* [Work request]
Only the lines from the one containing "Superbee Propolis Hair" through the end of the listing are to be repeated, exactly and without pictures.

* [Source material]
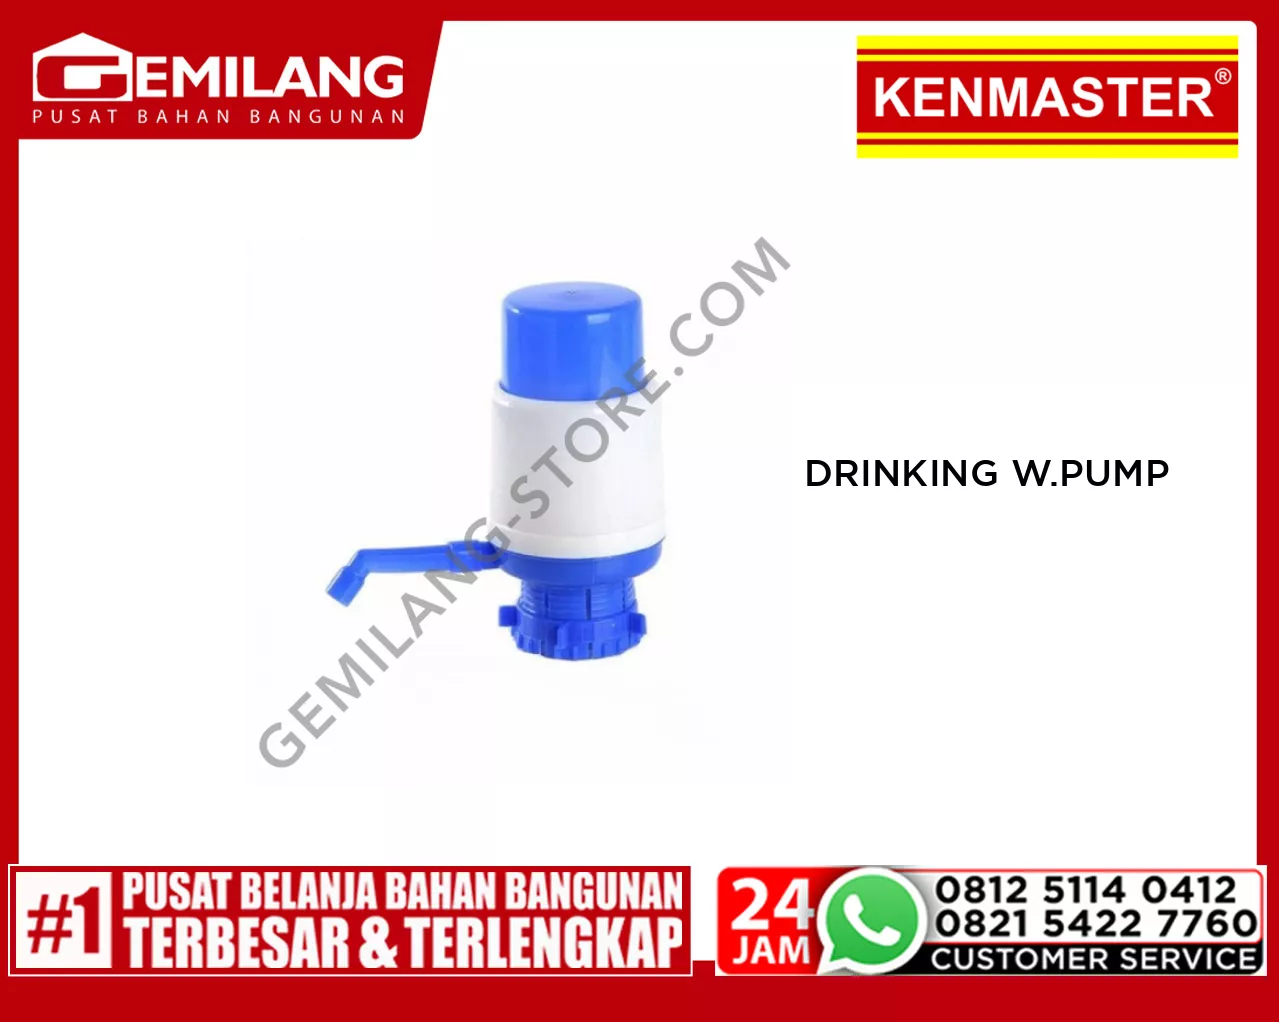 KENMASTER DRINKING WATER PUMP
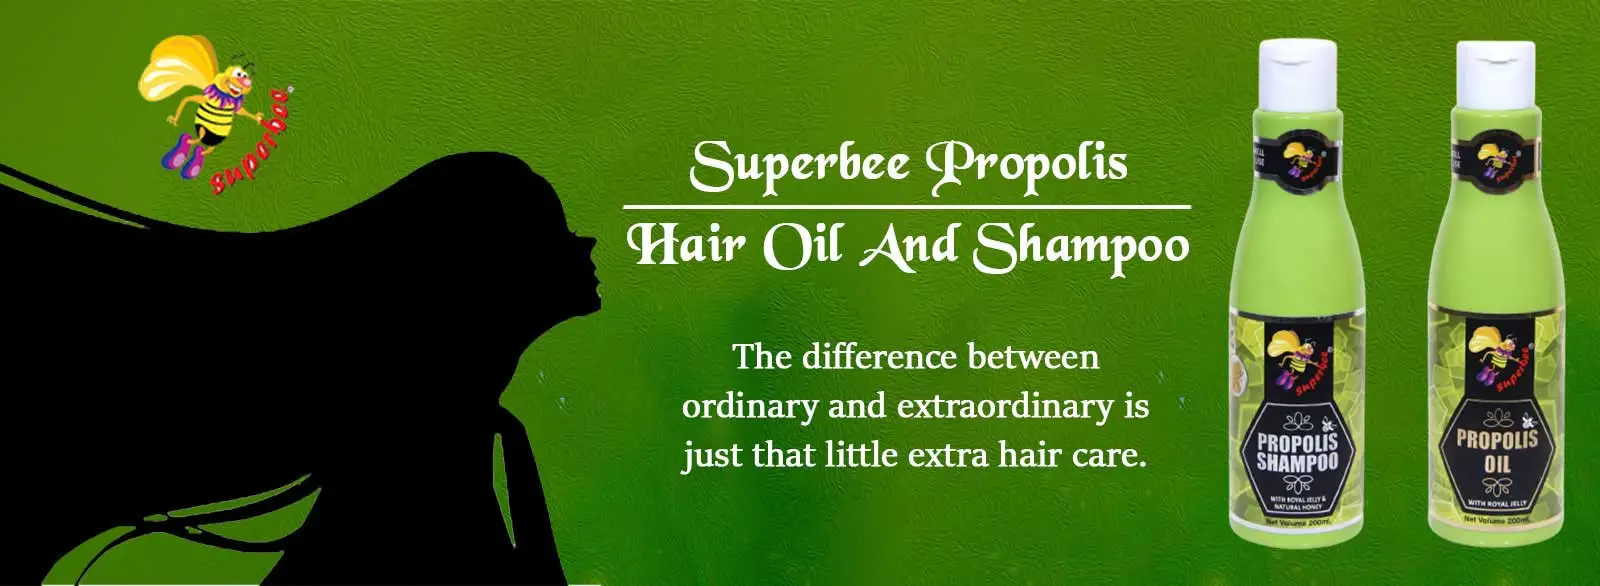 Superbee Propolis Hair Oil And Shampoo Suppliers in Delhi
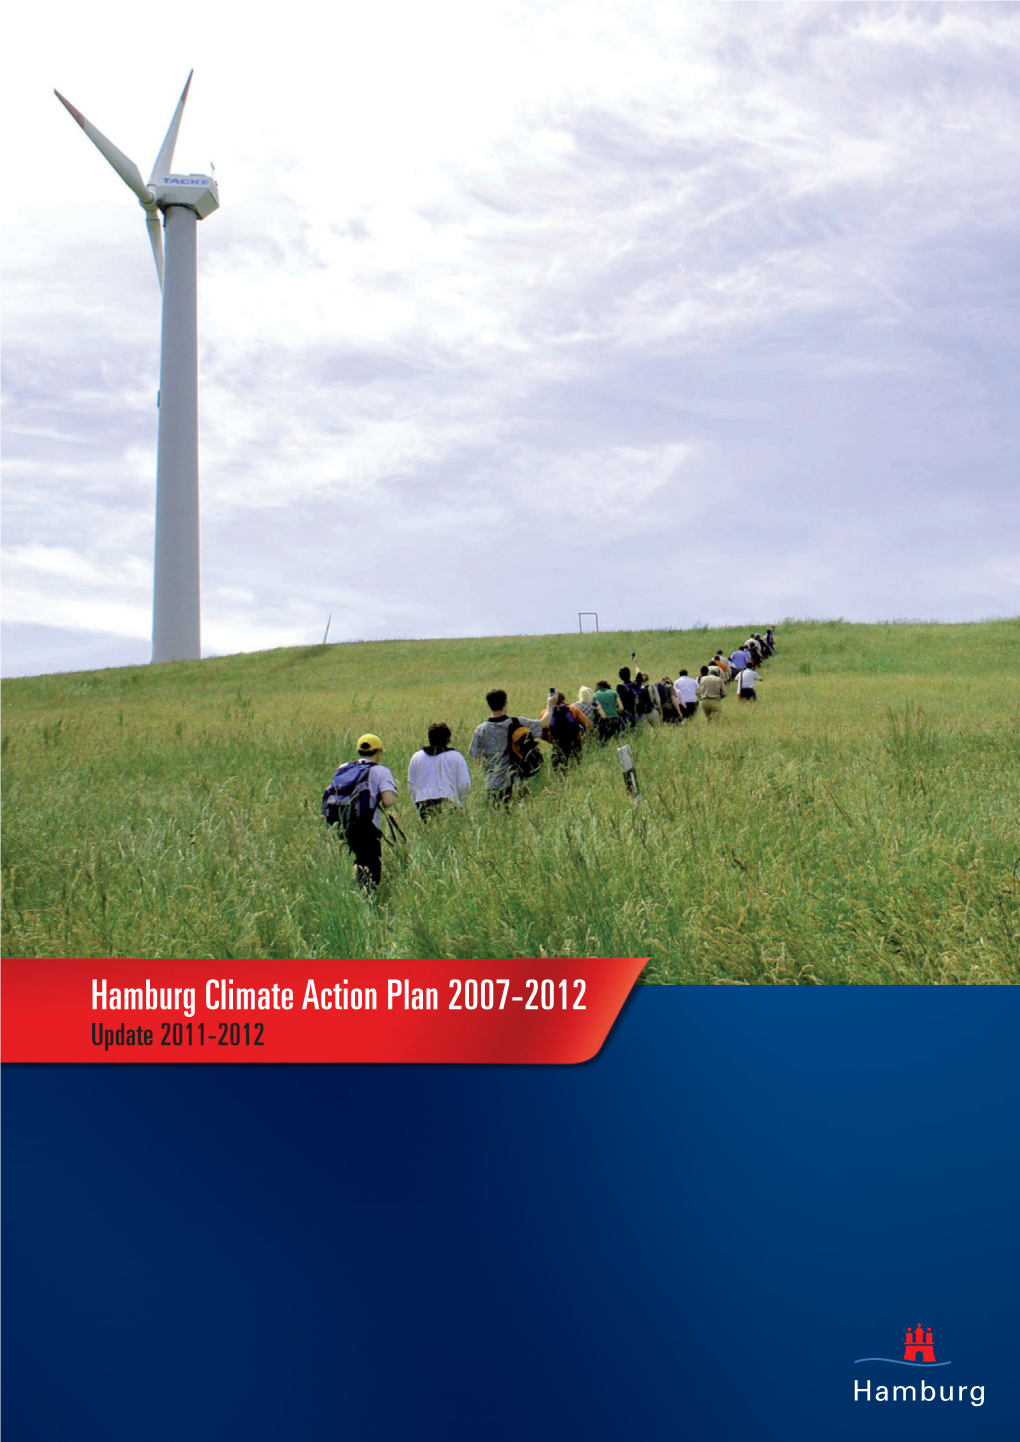 Hamburg Climate Action Plan 2007-2012 Update 2011-2012

* [Your response]
 Superbee Propolis Hair Oil And Shampoo Suppliers in Delhi
 Hamburg Climate Action Plan 2007-2012 Update 2011-2012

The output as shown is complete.